__Records__:
*** Block opens ***

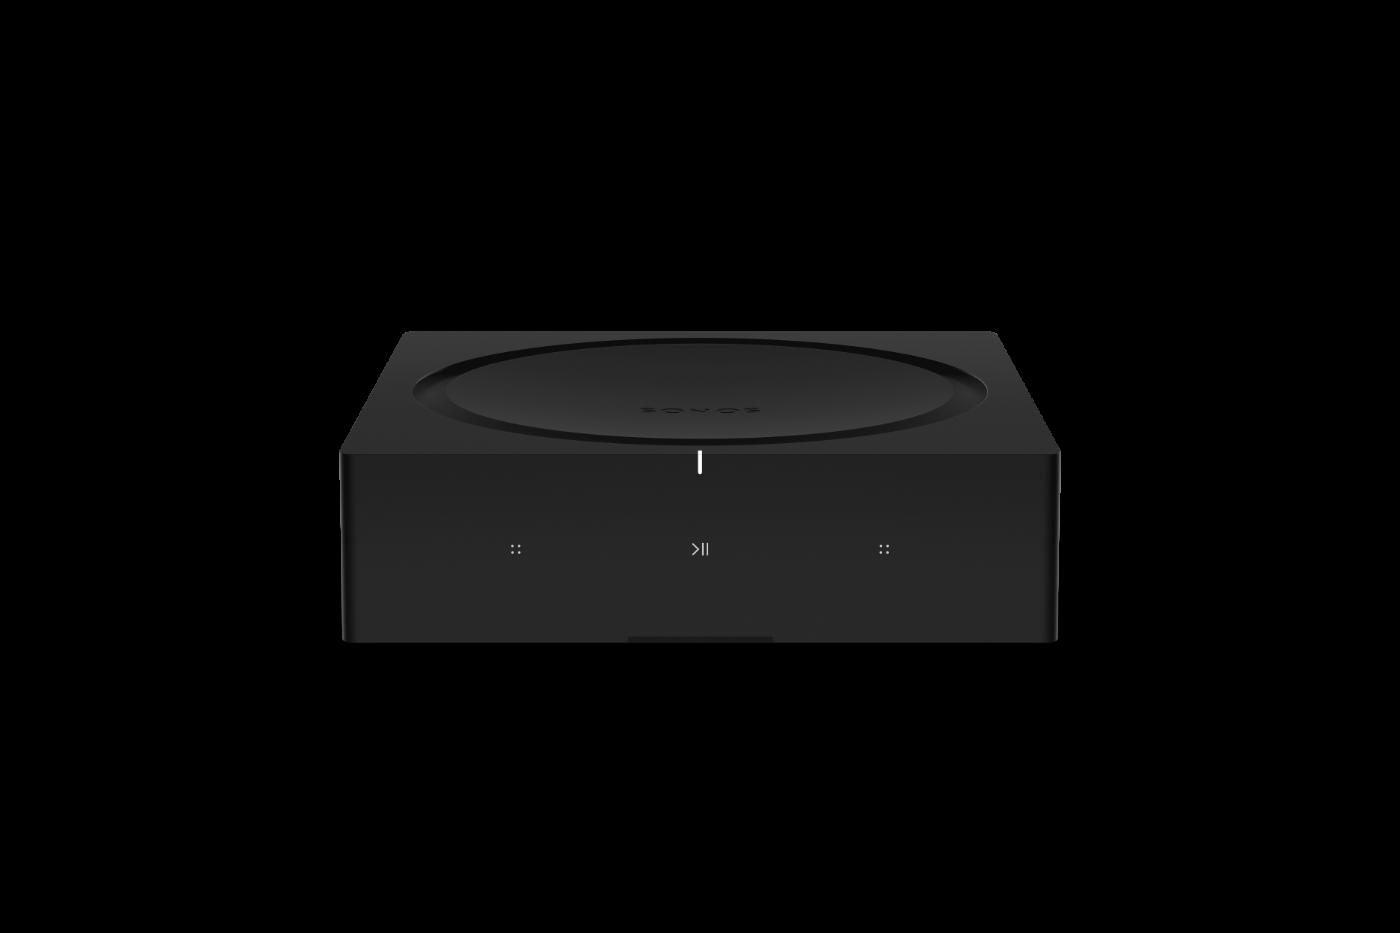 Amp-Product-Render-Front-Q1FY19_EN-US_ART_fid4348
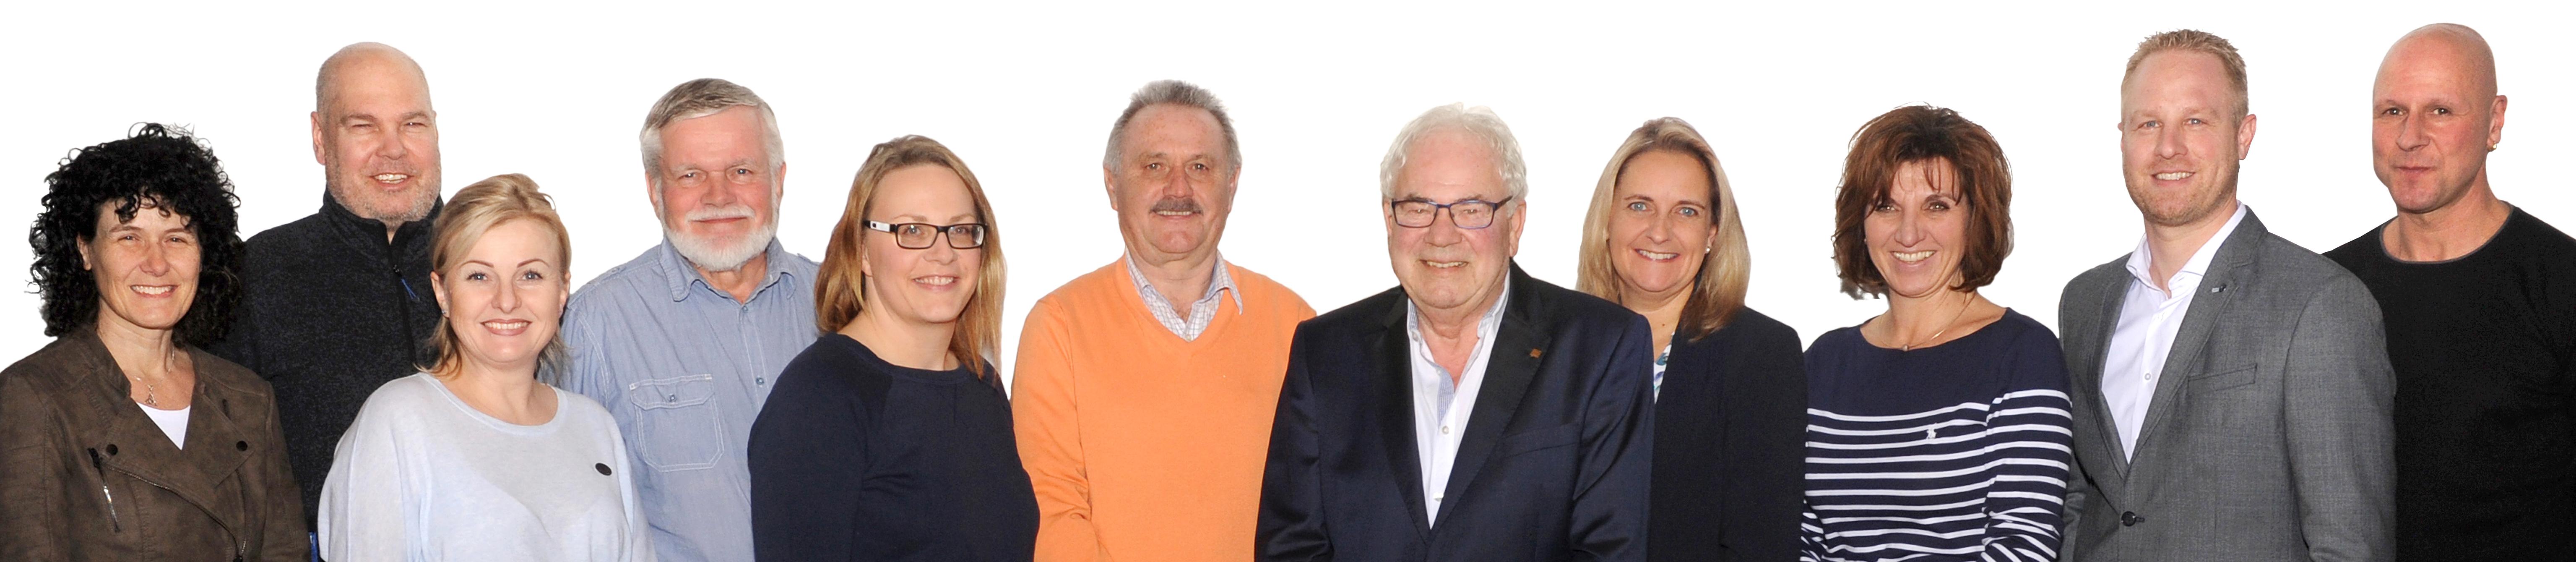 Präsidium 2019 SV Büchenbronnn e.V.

*** Block closes ***
*** Block opens ***

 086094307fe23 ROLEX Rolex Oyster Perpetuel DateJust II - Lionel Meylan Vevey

*** Block closes ***
*** Block opens ***

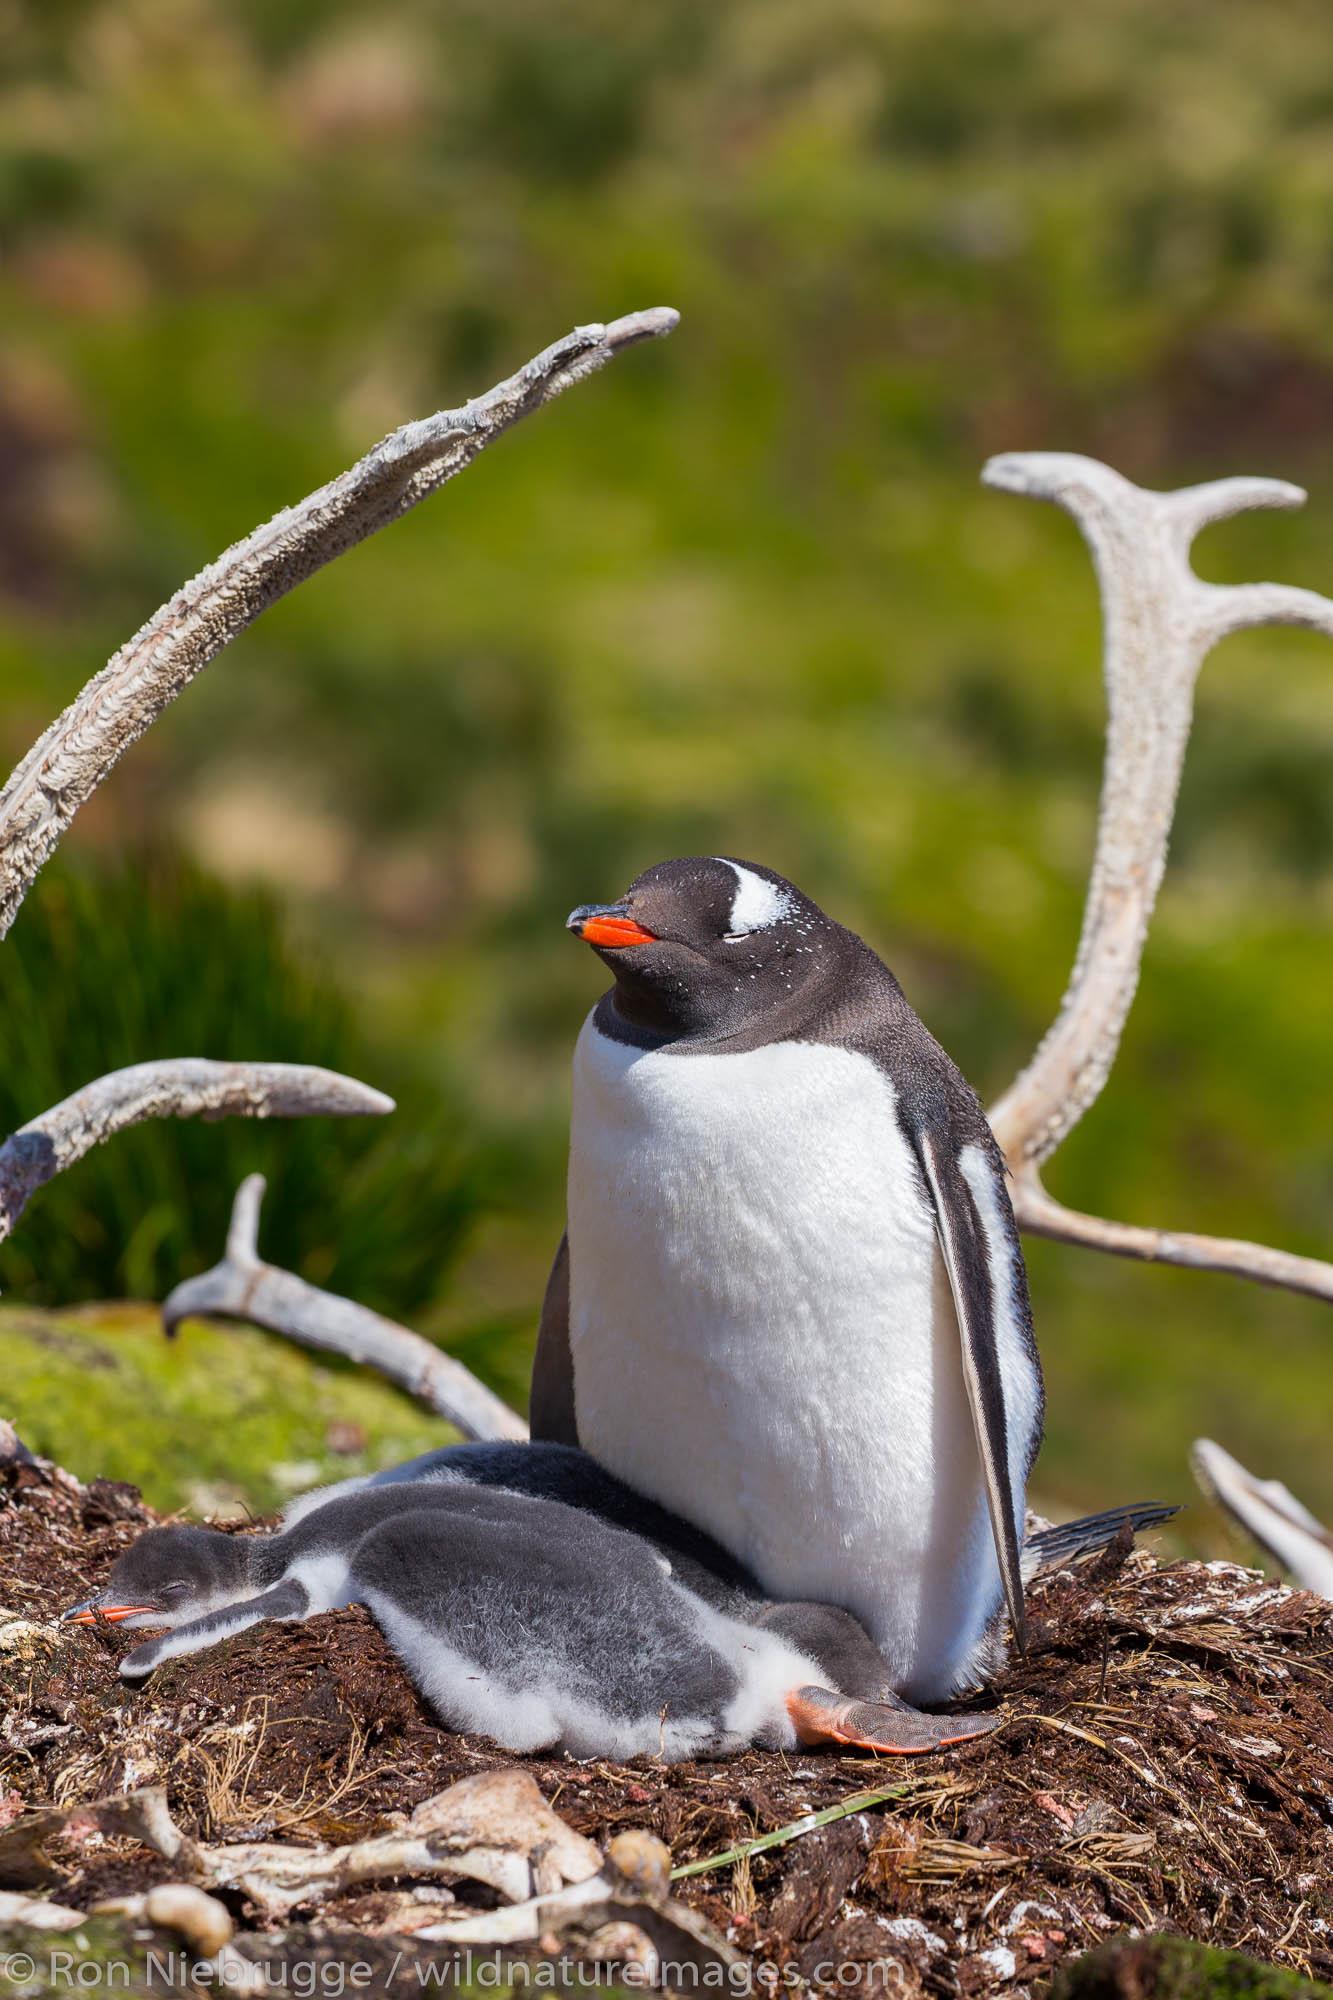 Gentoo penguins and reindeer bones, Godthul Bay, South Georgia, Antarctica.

*** Block closes ***

__Work item__: Taking the material above, give again exactly the lines from the one holding "Amp-Product-Render-Front-Q1FY19_EN-US_ART_fid4348" through the one holding "Präsidium 2019 SV Büchenbronnn e.V.", with both ends and without pictures.

__Answer section__:
 Amp-Product-Render-Front-Q1FY19_EN-US_ART_fid4348
 Präsidium 2019 SV Büchenbronnn e.V.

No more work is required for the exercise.